Ever since 宝贝口水妹 was born, I’ve already made up my mind that she would study at my alma mater. I’ve imagined that she would don the white-shirt-blue-pinafore uniform in her china doll hairstyle like how I wore mine for the 10 years I was there.
I brought her to the school during the school celebration and showed her around, pointing out my favourite spots, telling her that would be where she would spend 6 happy years of her life, or maybe more.
Yet, on the registration day, I made the decision not to register her there. Everyone (except for a handful), even myself, thought I was mad. To give up a place at such a “branded” school. I made the decision to enroll her in a co-ed school, which was nearer to my home, and one that would enable her younger brother to get in with ease.
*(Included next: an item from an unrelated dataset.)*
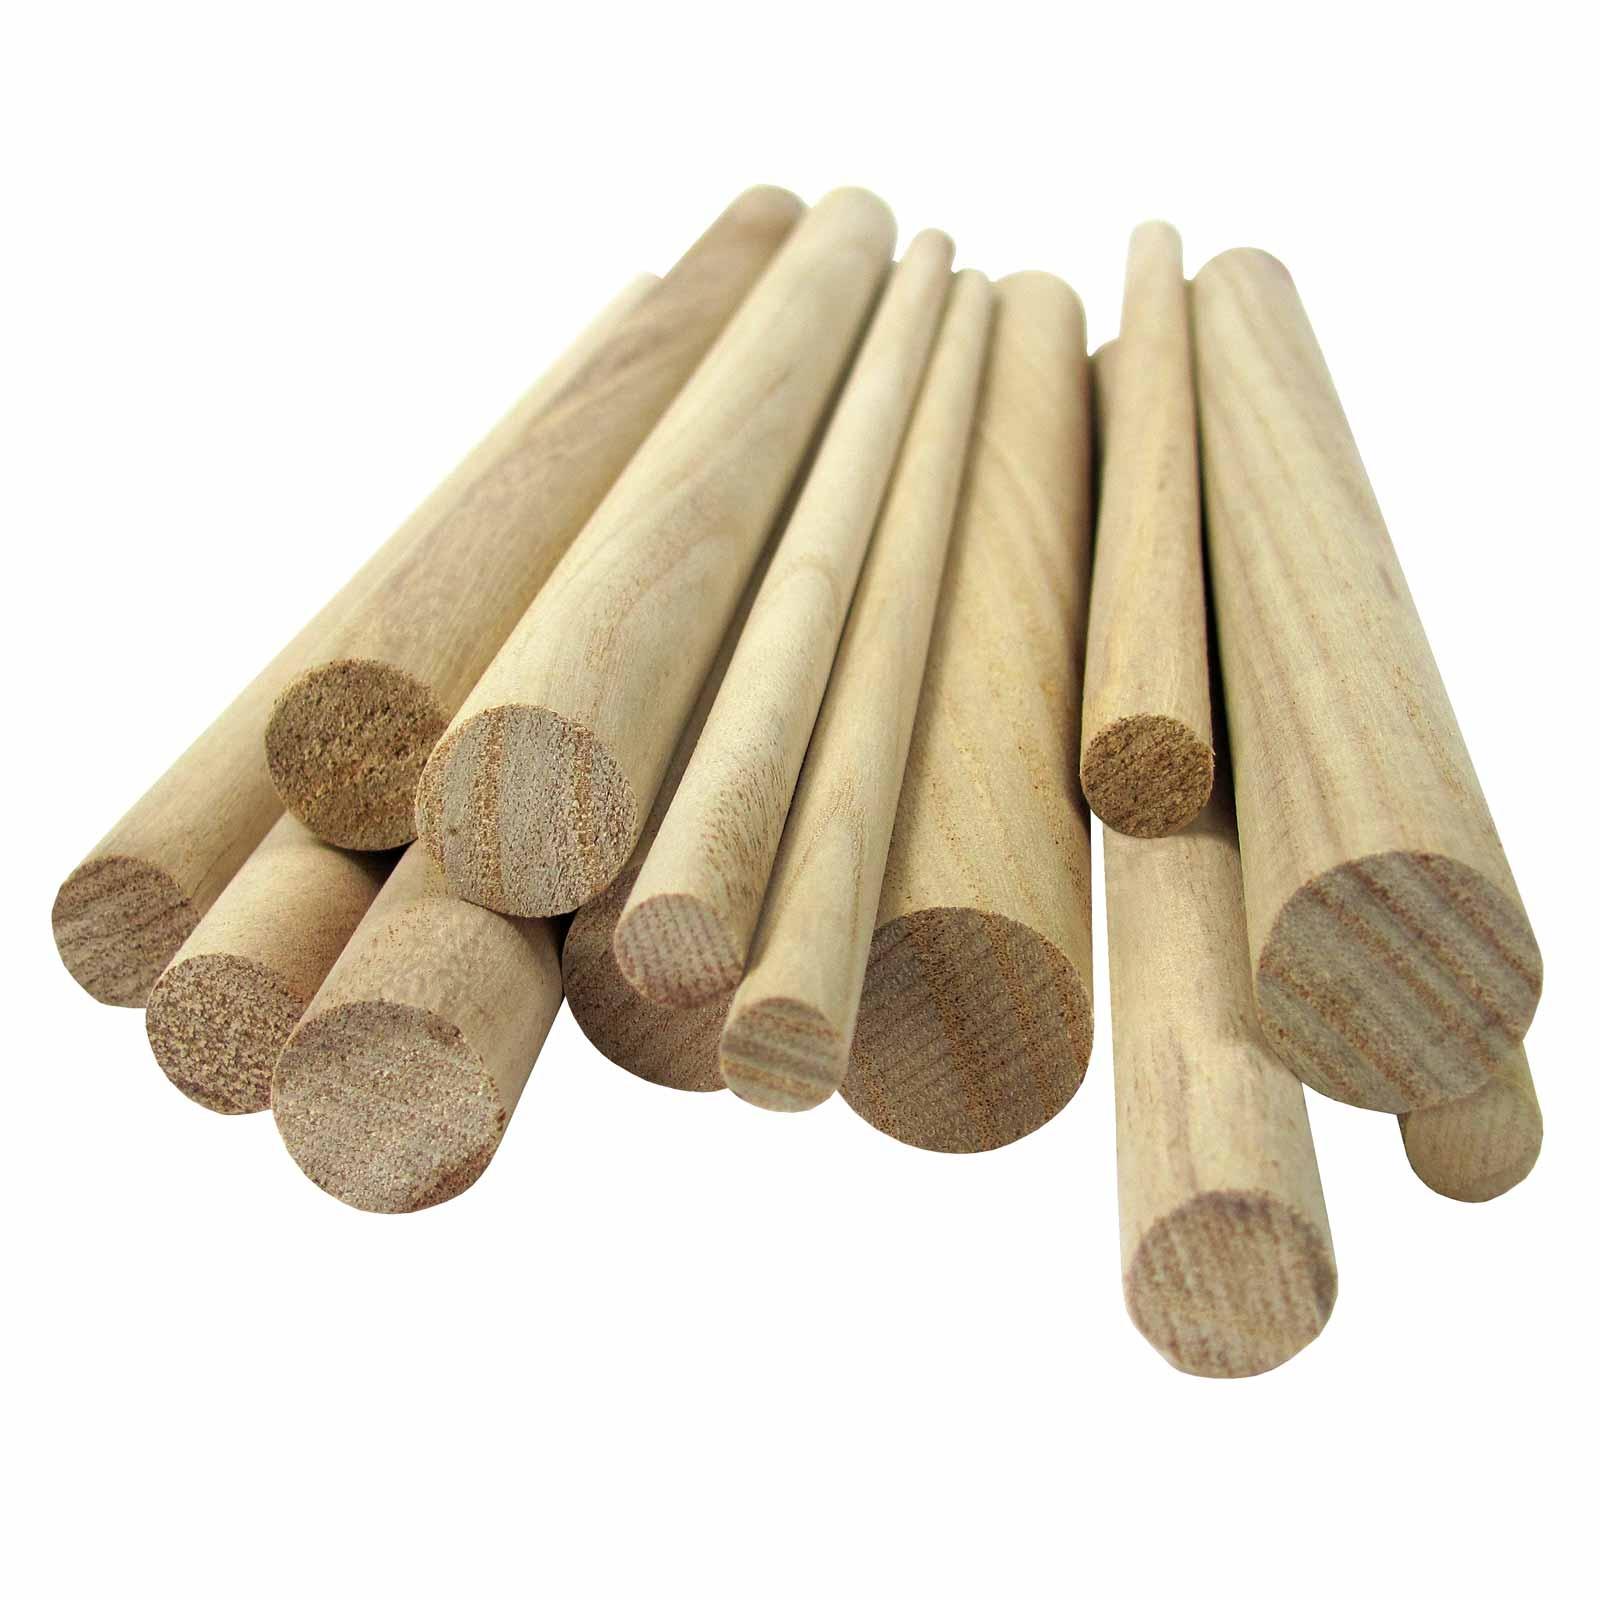 Wooden Craft DIY Dowels

It was painful. It felt like the end. It felt like turning down the boy whom I liked lots lots, but knew that he simply wasn’t right for me.
It wasn’t the pain of giving up a branded school, like what everyone said. To me, it has never been so. It wasn’t a branded school, it was simply MY school. It was more of giving up a dream that I’ve always had. To see a mini me, running happily around in school in her white and blue.
Maybe it’s because I wanted to relive the most carefree years of my life through her, in the same school. The life I had, when things were still white and black, good and bad, when the biggest problem was someone “not friending” you.
So now the curtain has fallen. Lucy can never go back to Narnia because she’s grown up. I’ve never thought that I would be overwhelmed with emotions. But I am. What a dork!